▸ What is needed
Could you return all of the entries word for word, minus any pictures?

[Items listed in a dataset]

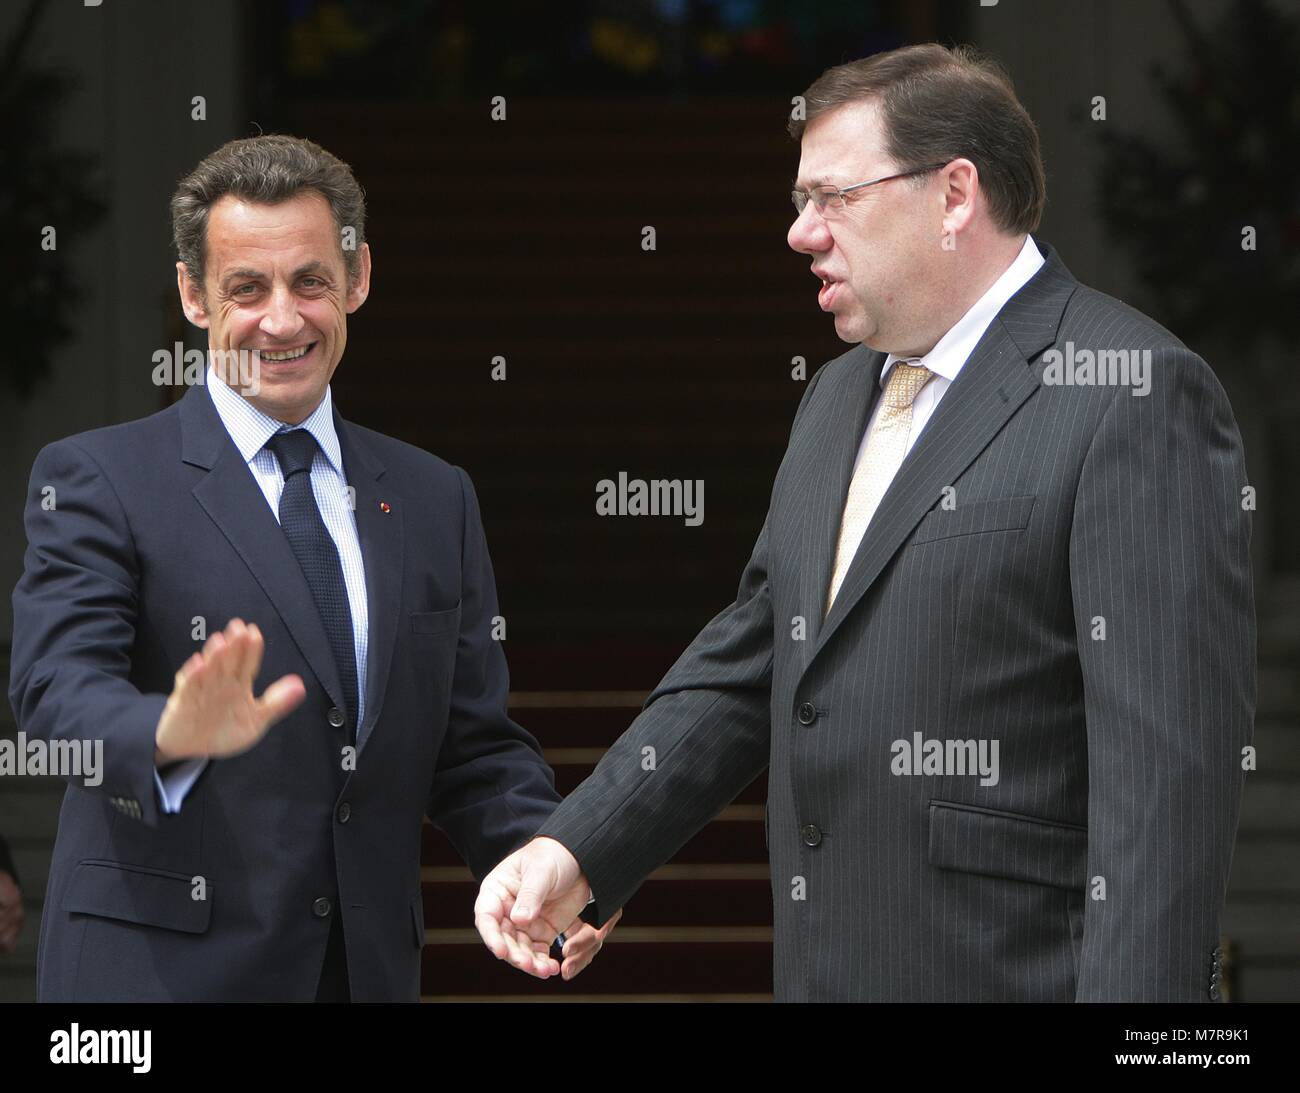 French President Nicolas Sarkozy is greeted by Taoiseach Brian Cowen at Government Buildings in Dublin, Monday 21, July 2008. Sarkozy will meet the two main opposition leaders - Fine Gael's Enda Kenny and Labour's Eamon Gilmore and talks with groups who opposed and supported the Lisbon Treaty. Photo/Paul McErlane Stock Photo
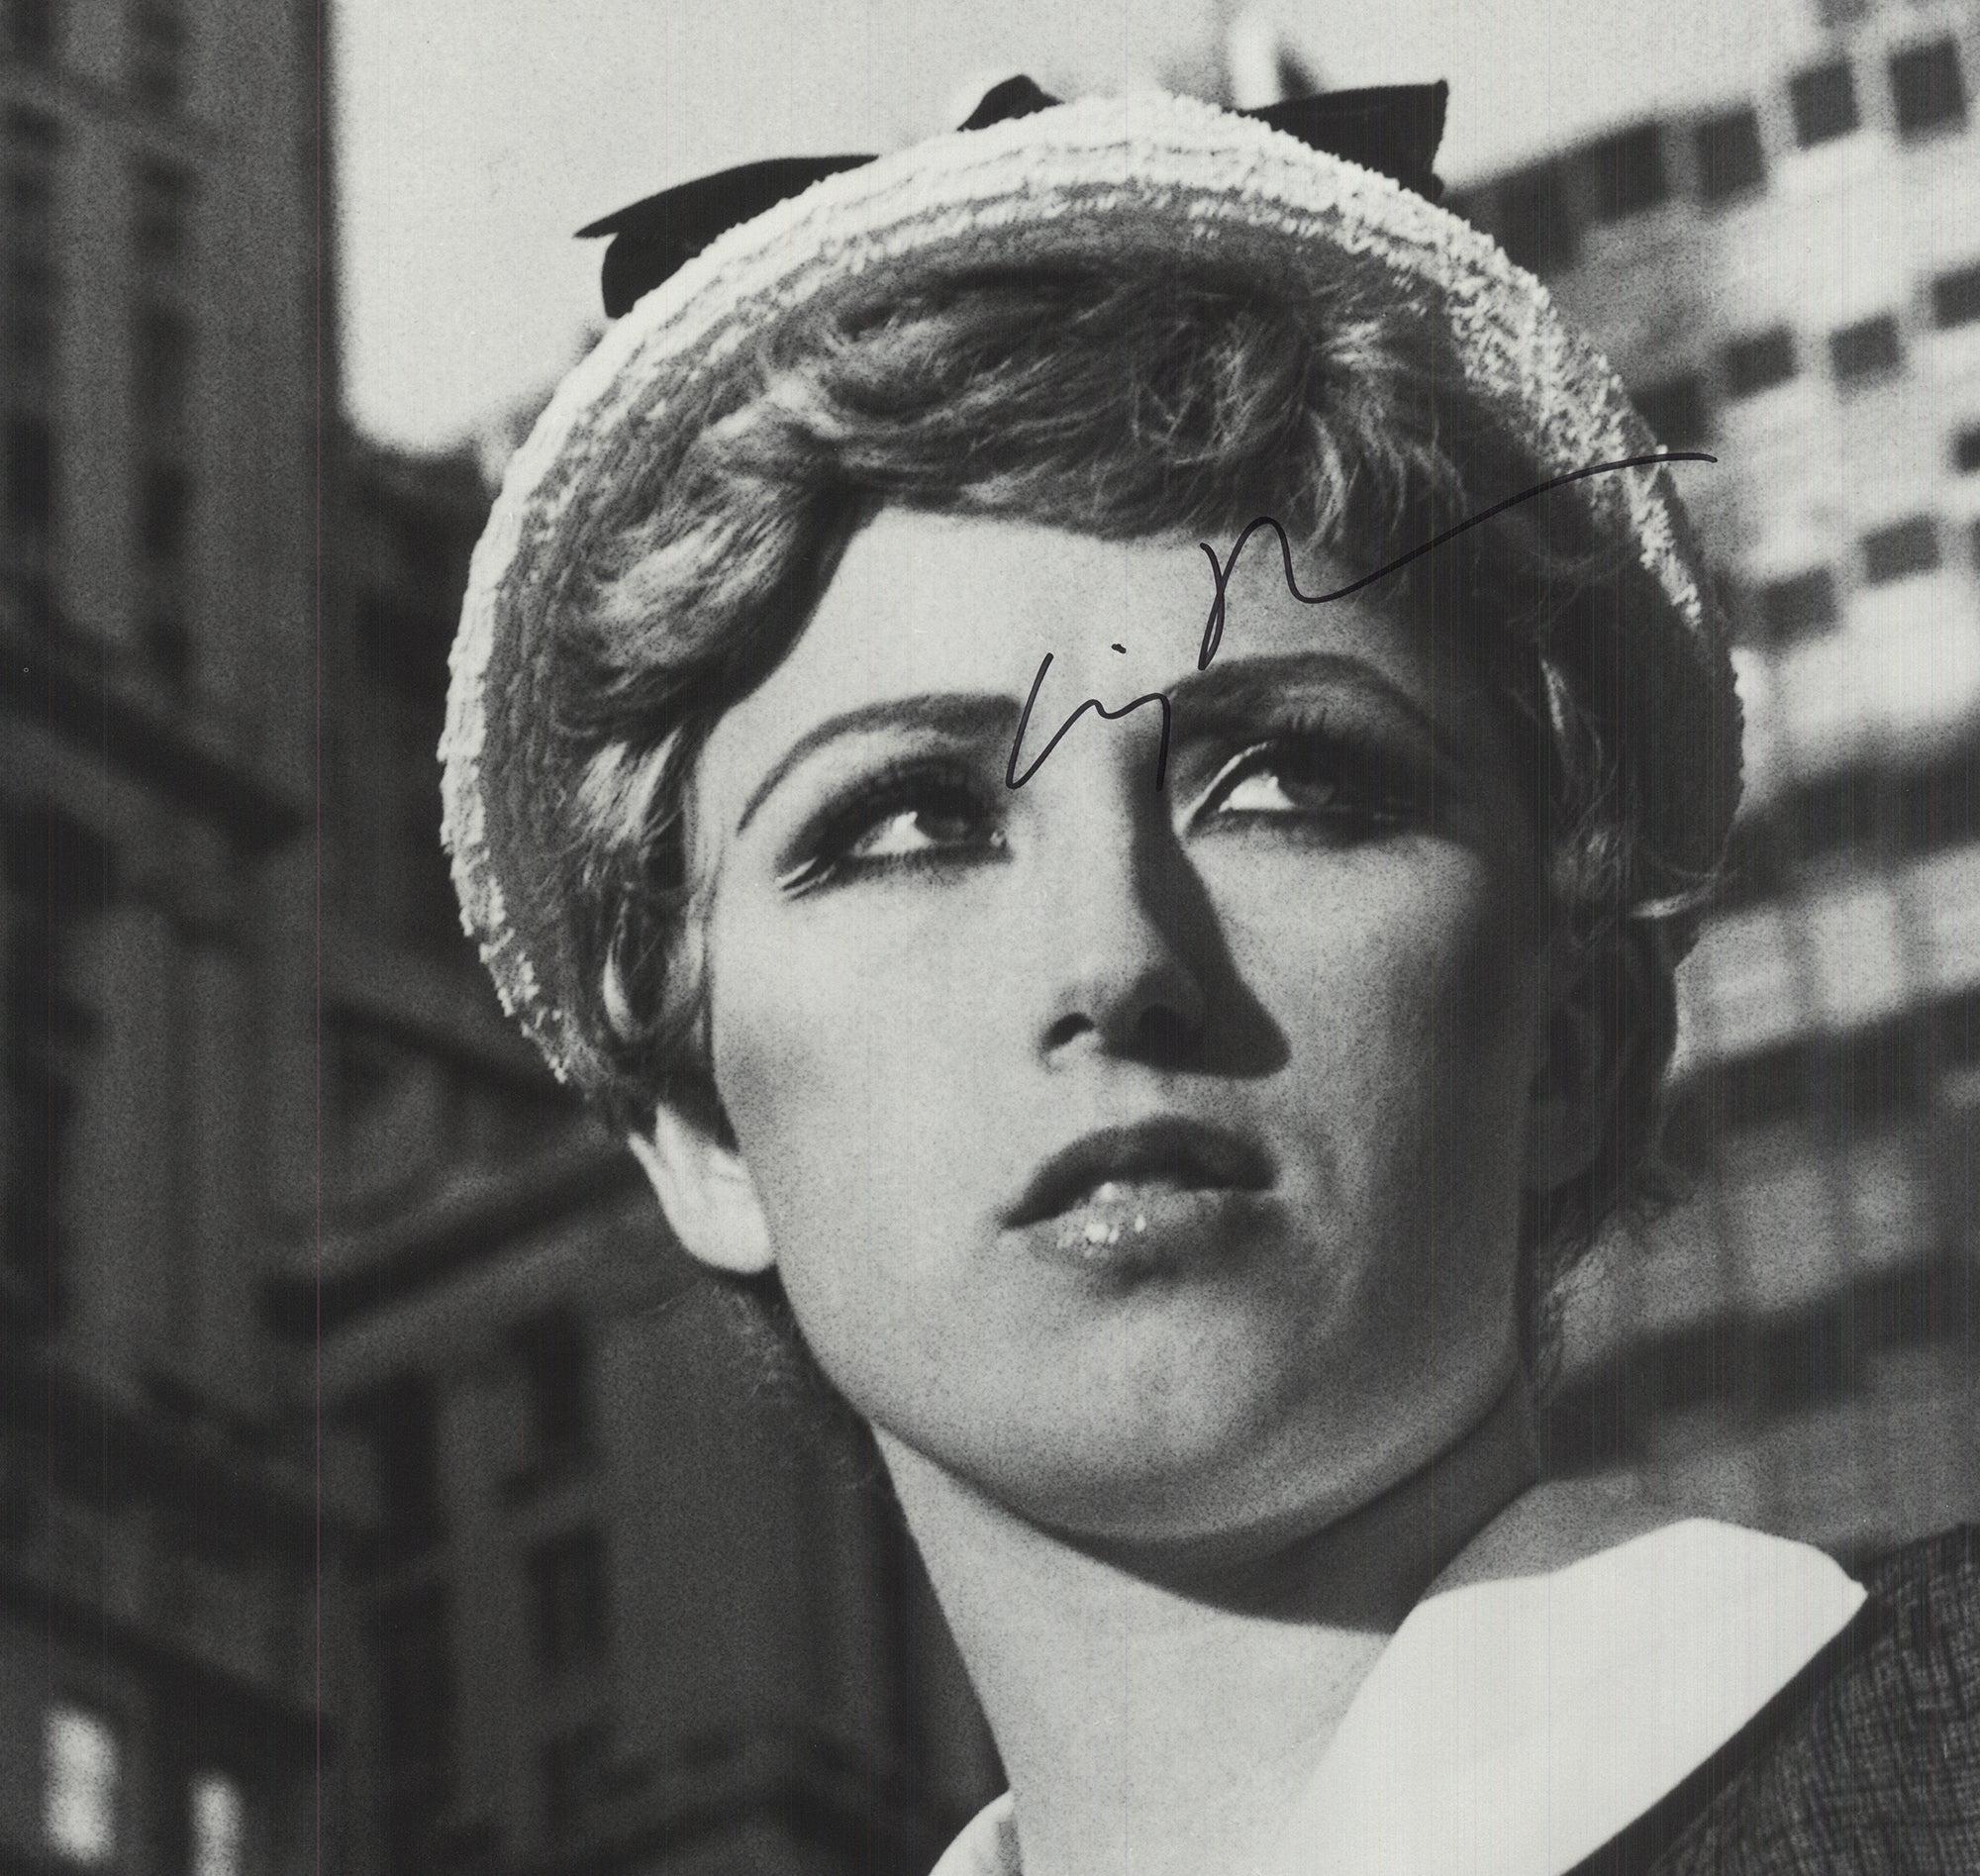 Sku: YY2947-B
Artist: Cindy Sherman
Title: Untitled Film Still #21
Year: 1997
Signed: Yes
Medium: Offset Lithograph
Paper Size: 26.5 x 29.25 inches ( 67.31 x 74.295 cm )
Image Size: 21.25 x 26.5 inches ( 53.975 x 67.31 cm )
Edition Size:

▸ Task output
 French President Nicolas Sarkozy is greeted by Taoiseach Brian Cowen at Government Buildings in Dublin, Monday 21, July 2008. Sarkozy will meet the two main opposition leaders - Fine Gael's Enda Kenny and Labour's Eamon Gilmore and talks with groups who opposed and supported the Lisbon Treaty. Photo/Paul McErlane Stock Photo
 Sku: YY2947-B
Artist: Cindy Sherman
Title: Untitled Film Still #21
Year: 1997
Signed: Yes
Medium: Offset Lithograph
Paper Size: 26.5 x 29.25 inches ( 67.31 x 74.295 cm )
Image Size: 21.25 x 26.5 inches ( 53.975 x 67.31 cm )
Edition Size:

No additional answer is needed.